TNK-Tissue Plasminogen Activator in Acute Myocardial Infarction
Results of the Thrombolysis in Myocardial Infarction (TIMI) 10A Dose-Ranging Trial
Background TNK-tissue plasminogen activator (TNK-TPA) is a genetically engineered variant of TPA, which in experimental models has a slower plasma clearance and greater fibrin specificity and is 80-fold more resistant to plasminogen activator inhibitor-1 than alteplase TPA.
Methods and Results The Thrombolysis in Myocardial Infarction (TIMI) 10A trial was a Phase 1, dose-ranging pilot trial designed to evaluate the pharmacokinetics, safety, and efficacy of TNK-TPA in patients with acute myocardial infarction. One hundred thirteen patients with acute ST-segment elevation myocardial infarction presenting within 12 hours and without contraindications to thrombolysis were enrolled and treated with a single bolus of TNK-TPA over 5 to 10 seconds with doses ranging from 5 to 50 mg. TNK-TPA demonstrated a plasma clearance of 151±55 mL/min and a half-life of 17±7 minutes. Comparable values for wild-type TPA are 572±132 mL/min and 3.5±1.4 minutes, respectively. Systemic fibrinogen and plasminogen levels fell by only 3% and 13%, respectively, at 1 hour after TNK-TPA administration. TIMI grade 3 flow at 90 minutes was achieved in 57% to 64% of patients at the 30- to 50-mg doses. Seven patients (6.2%) experienced a major hemorrhage, which occurred at a vascular access site in six patients.

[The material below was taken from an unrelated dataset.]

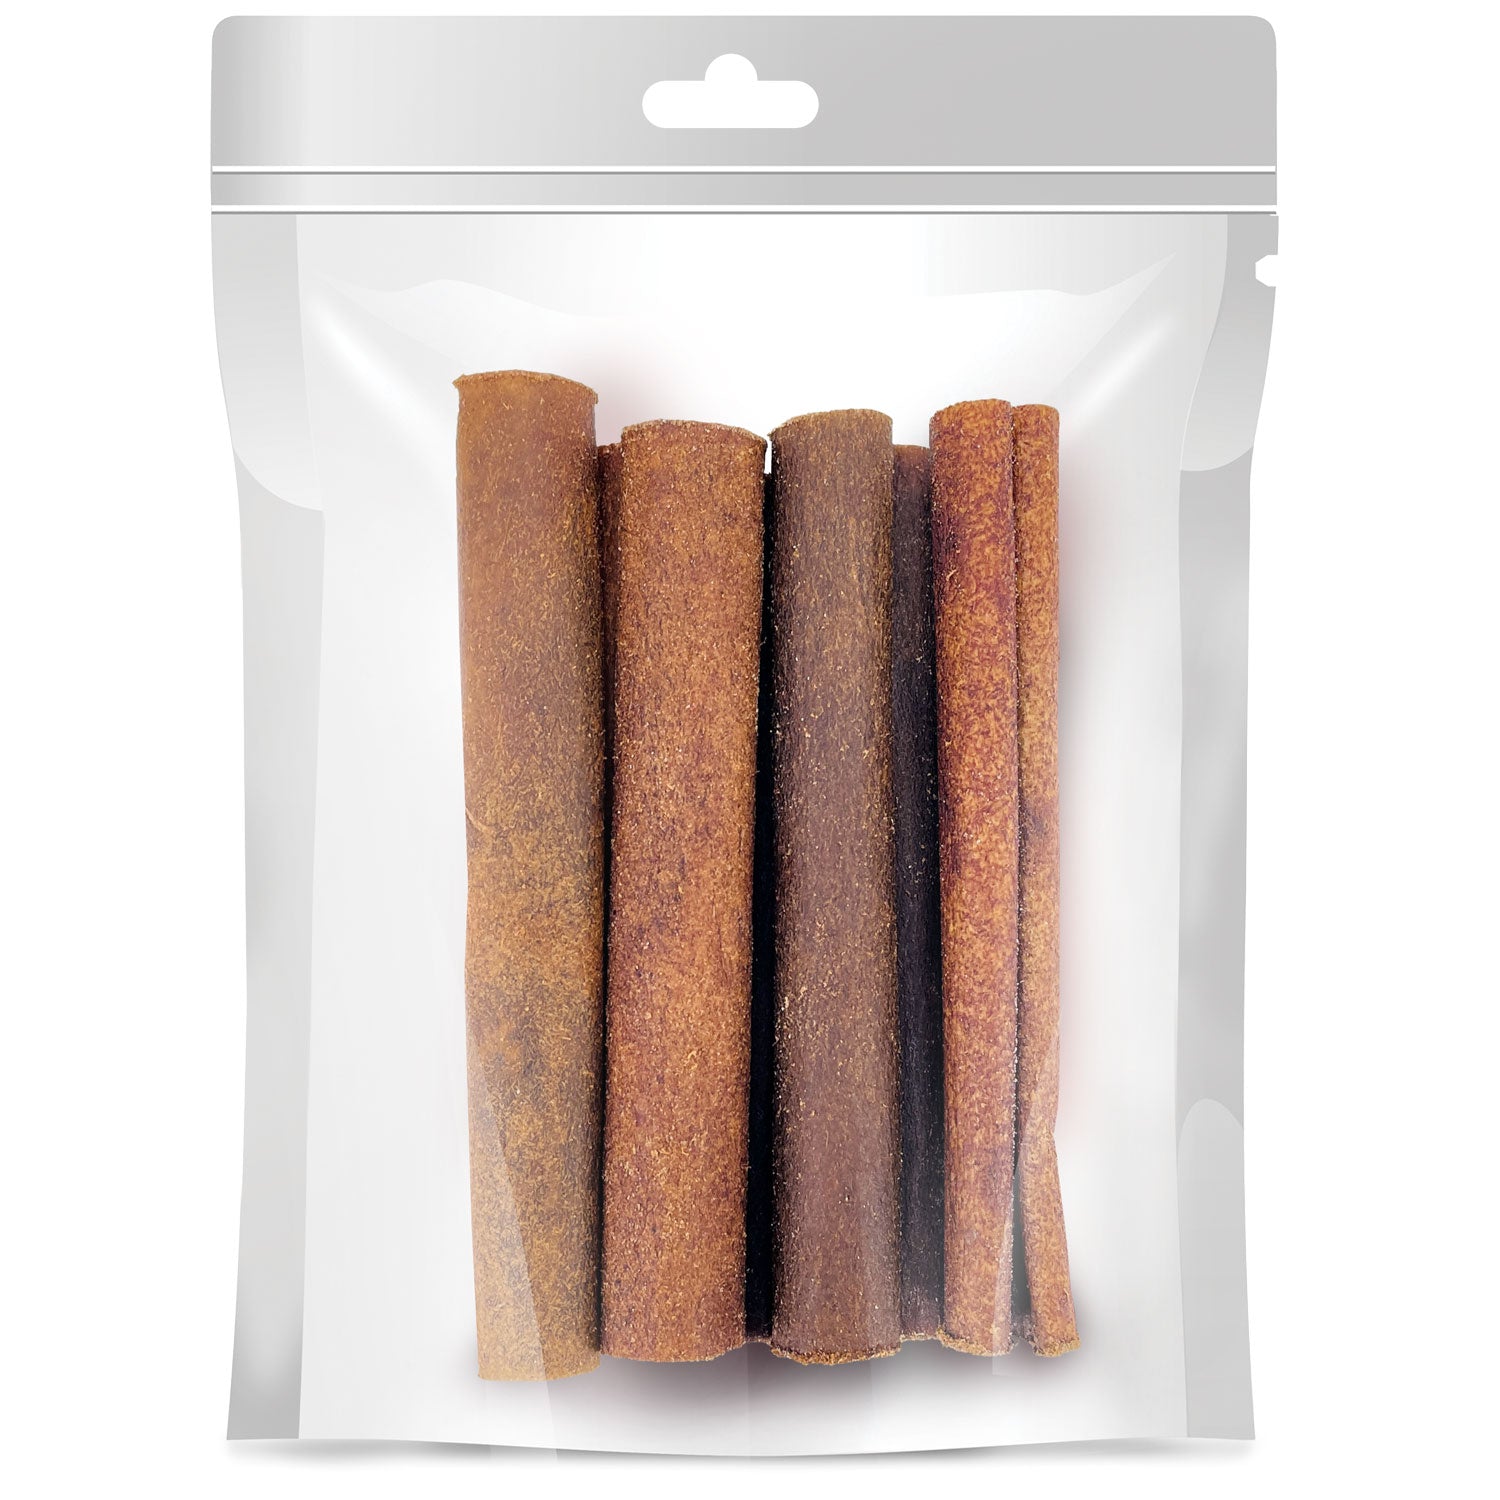 ValueBull USA Collagen Sticks, Premium Beef Dog Chews, 6" Jumbo, 400 Count RESALE PACKS (80 x 5 Count)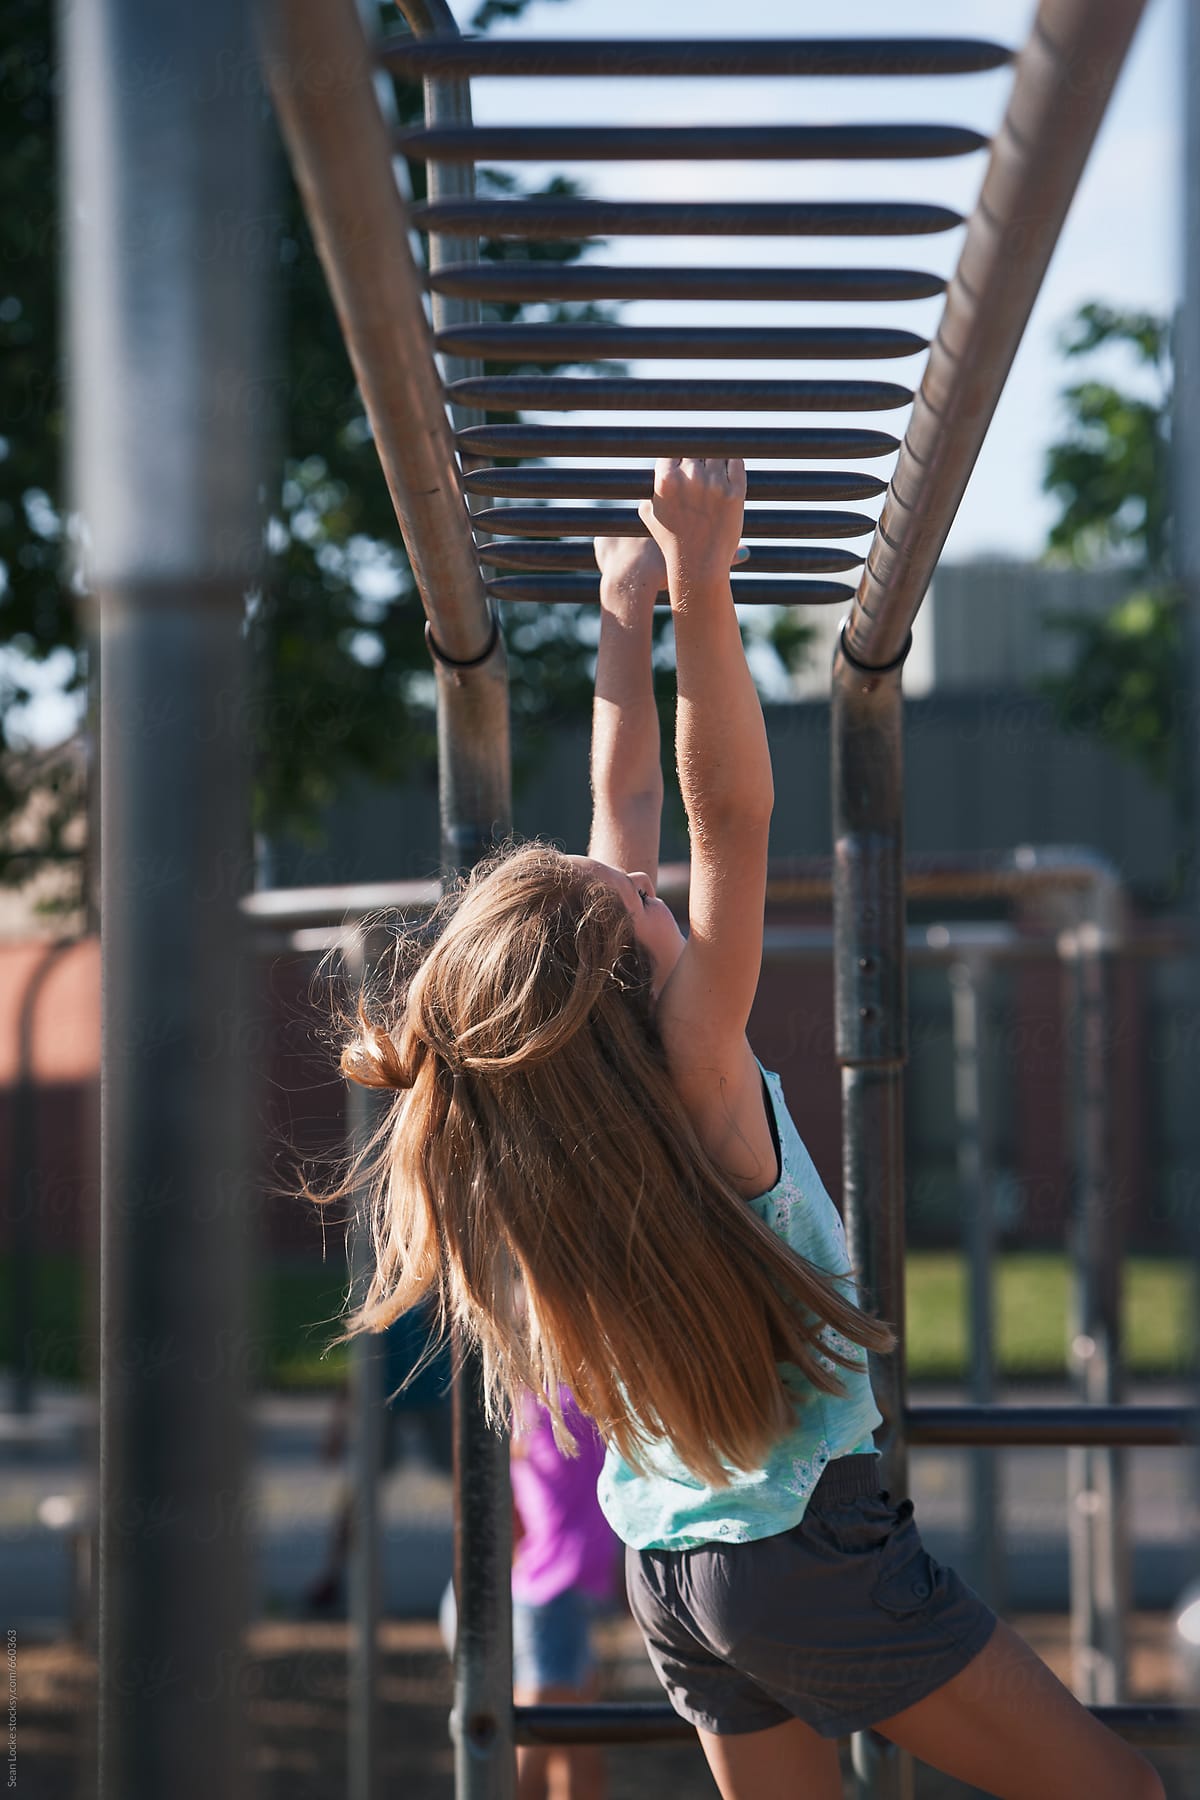 Recess: Schoolgirl Hanging From Playground Monkey Bars by Sean Locke

Conclusions TNK-TPA has a prolonged half-life so it can be administered as a single bolus. TNK-TPA appears to be very fibrin specific, and the initial patency and safety profiles are encouraging. Further study of this new thrombolytic agent is ongoing.
Thrombolytic trials in acute MI over the past decade have shown that early achievement of TIMI grade 3 flow in the infarct-related artery is associated with reduced mortality.1 2 3 4 5 6 7 8 In addition, rapid time to treatment2 9 10 and prehospital treatment may also be beneficial,11 12 and these can be facilitated by simpler thrombolytic dosing regimens, such as a bolus regimen. Thus, research has focused on developing thrombolytic agents that are more potent, safer, and easier to administer.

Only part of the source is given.